[Stored items]
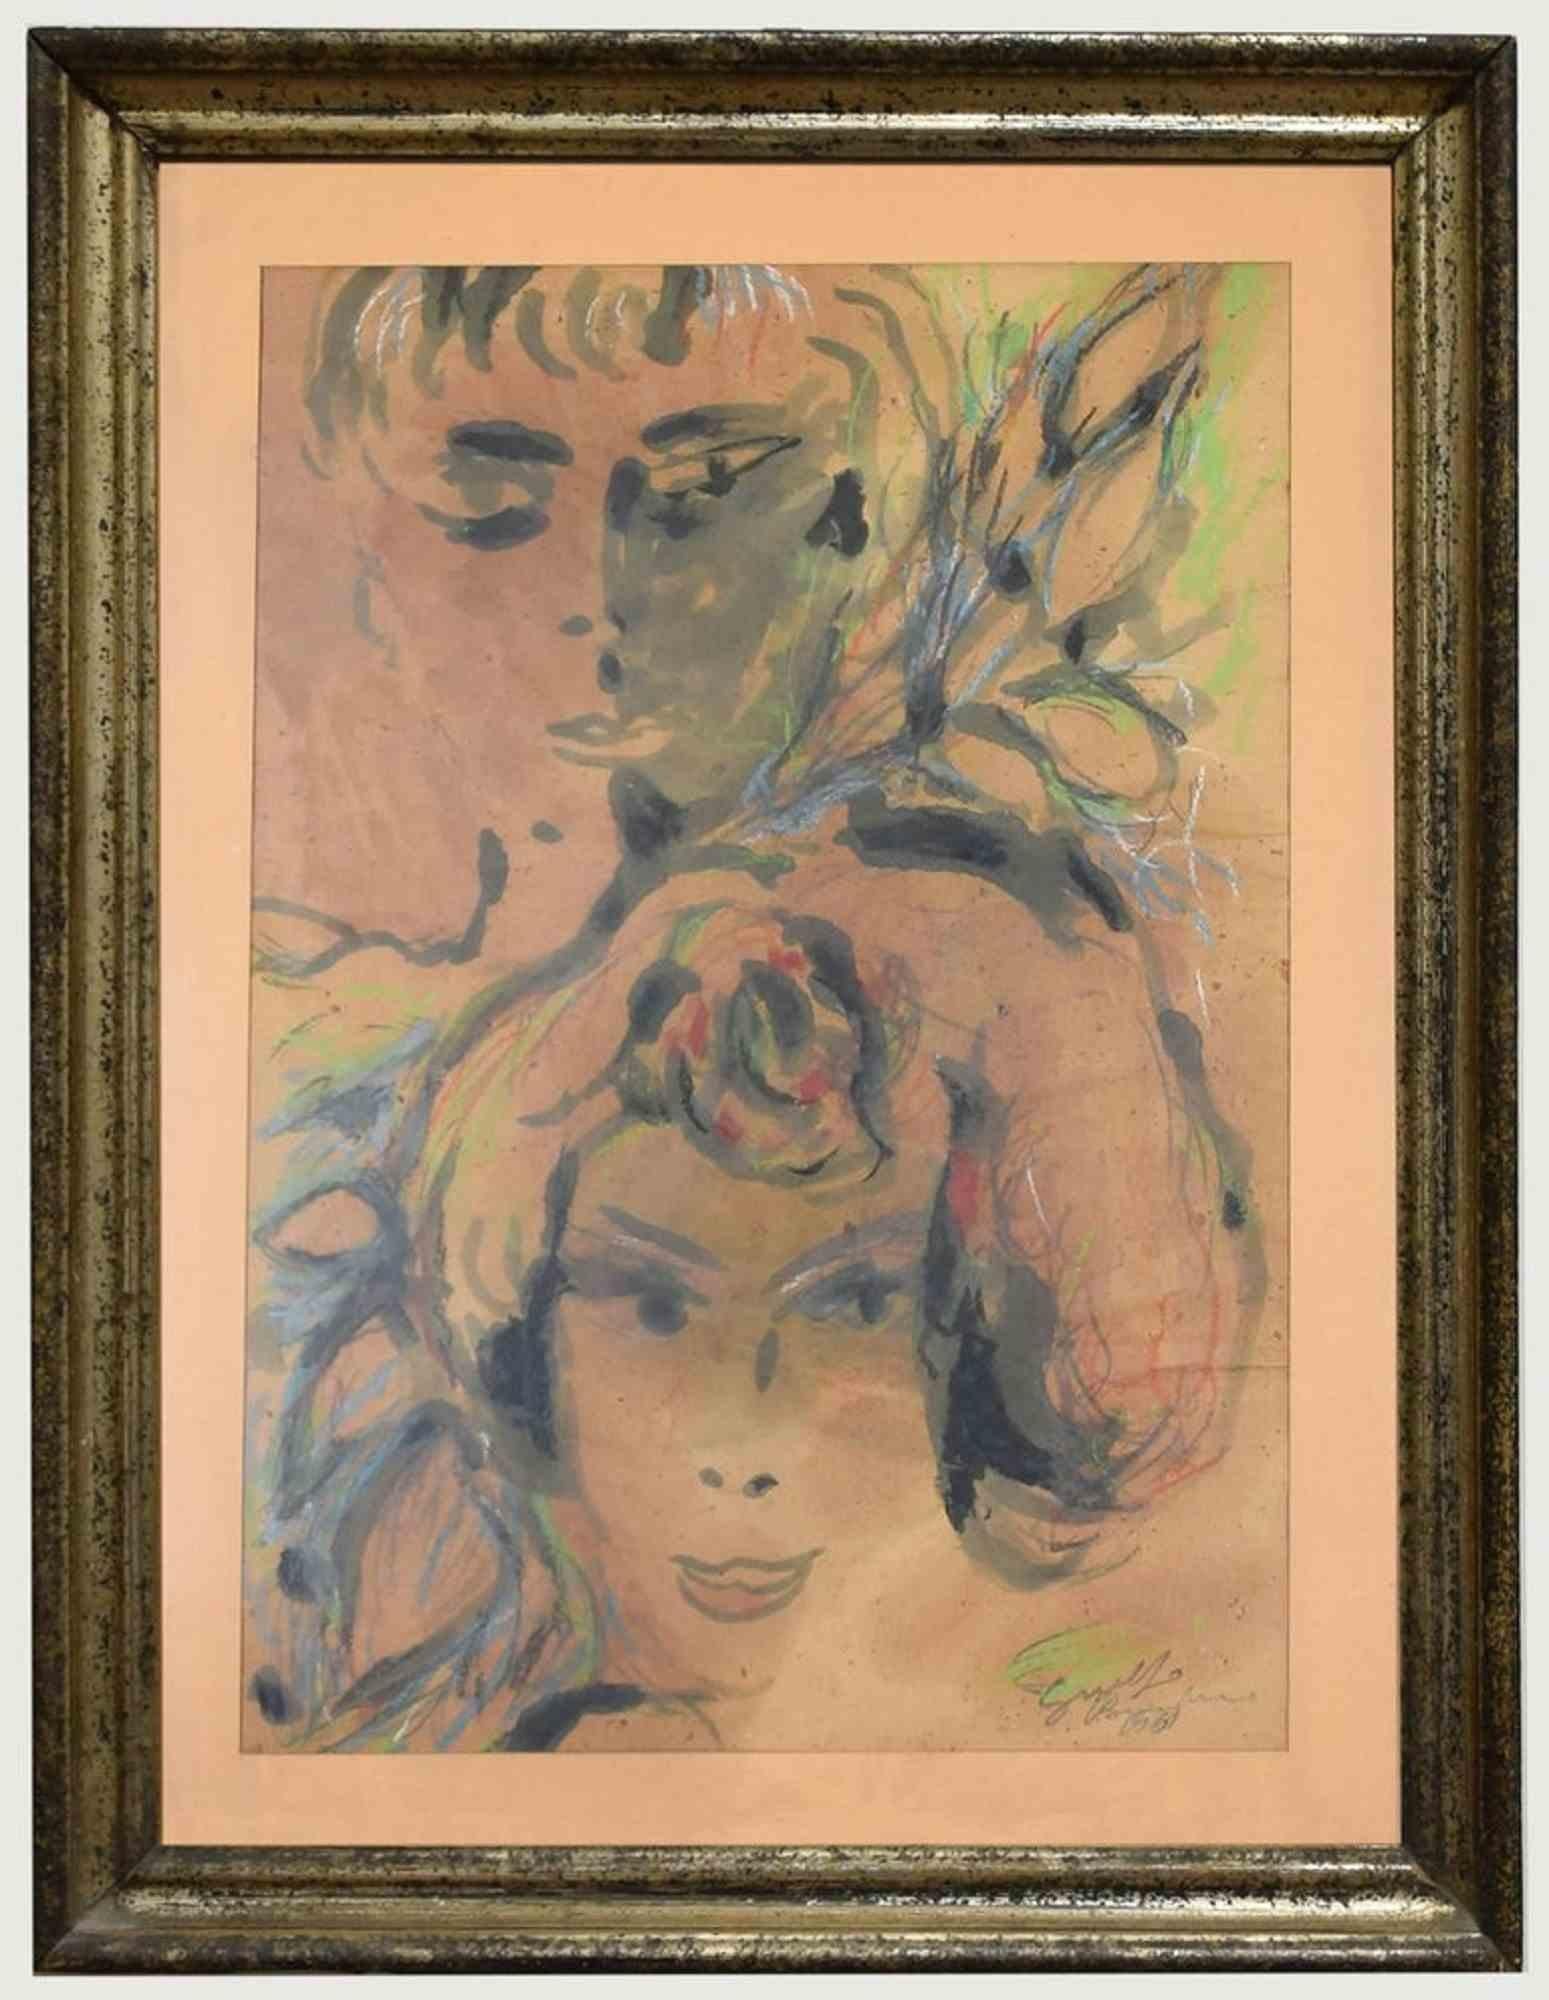 Women is an original watercolor drawing realized by Guelfo Bianchini in 1961.

The artwork is hand signed and daed by the artist.

Includes frame: 68.5 x 3.5 x 51.5  cm

Guelfo Bianchini Ancona 1937 - Rome 1977. Born in Fabriano in 1937, he lives
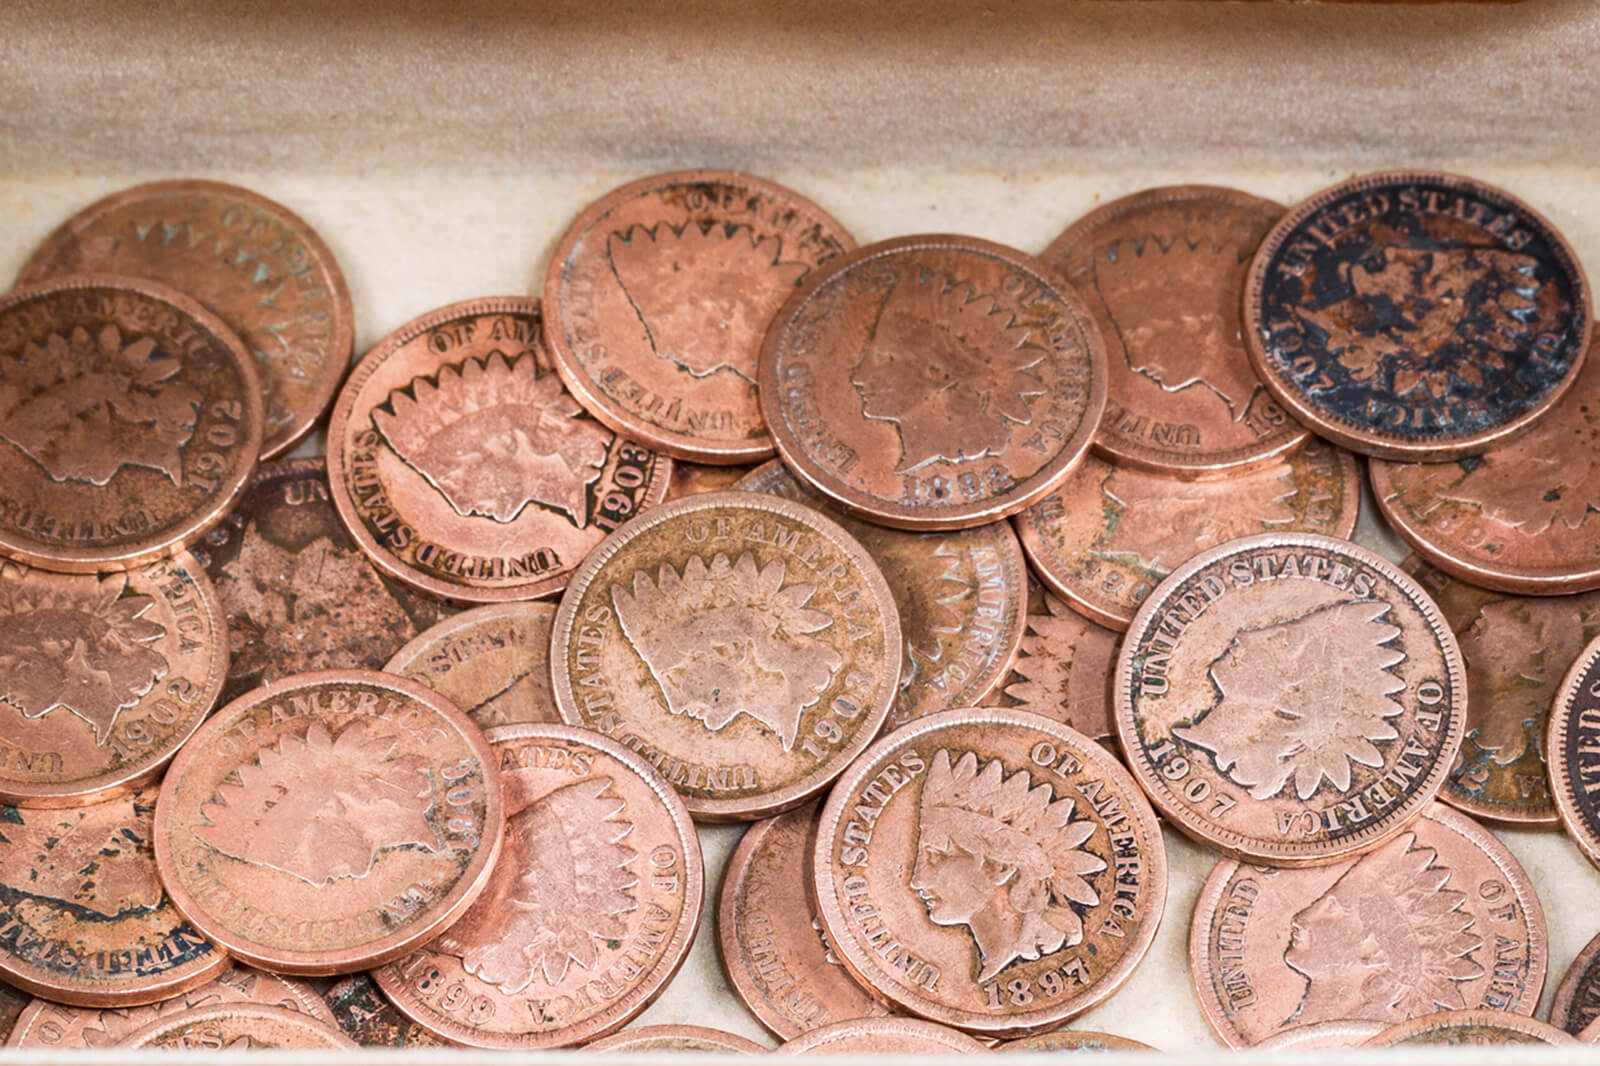 These 20 Most Valuable Pennies Are Worth $ Million | Work + Money

EXERCISE:
With every picture removed, give the entries above again exactly.

PROBLEM SOLUTION:
 Women is an original watercolor drawing realized by Guelfo Bianchini in 1961.

The artwork is hand signed and daed by the artist.

Includes frame: 68.5 x 3.5 x 51.5  cm

Guelfo Bianchini Ancona 1937 - Rome 1977. Born in Fabriano in 1937, he lives
 These 20 Most Valuable Pennies Are Worth $ Million | Work + Money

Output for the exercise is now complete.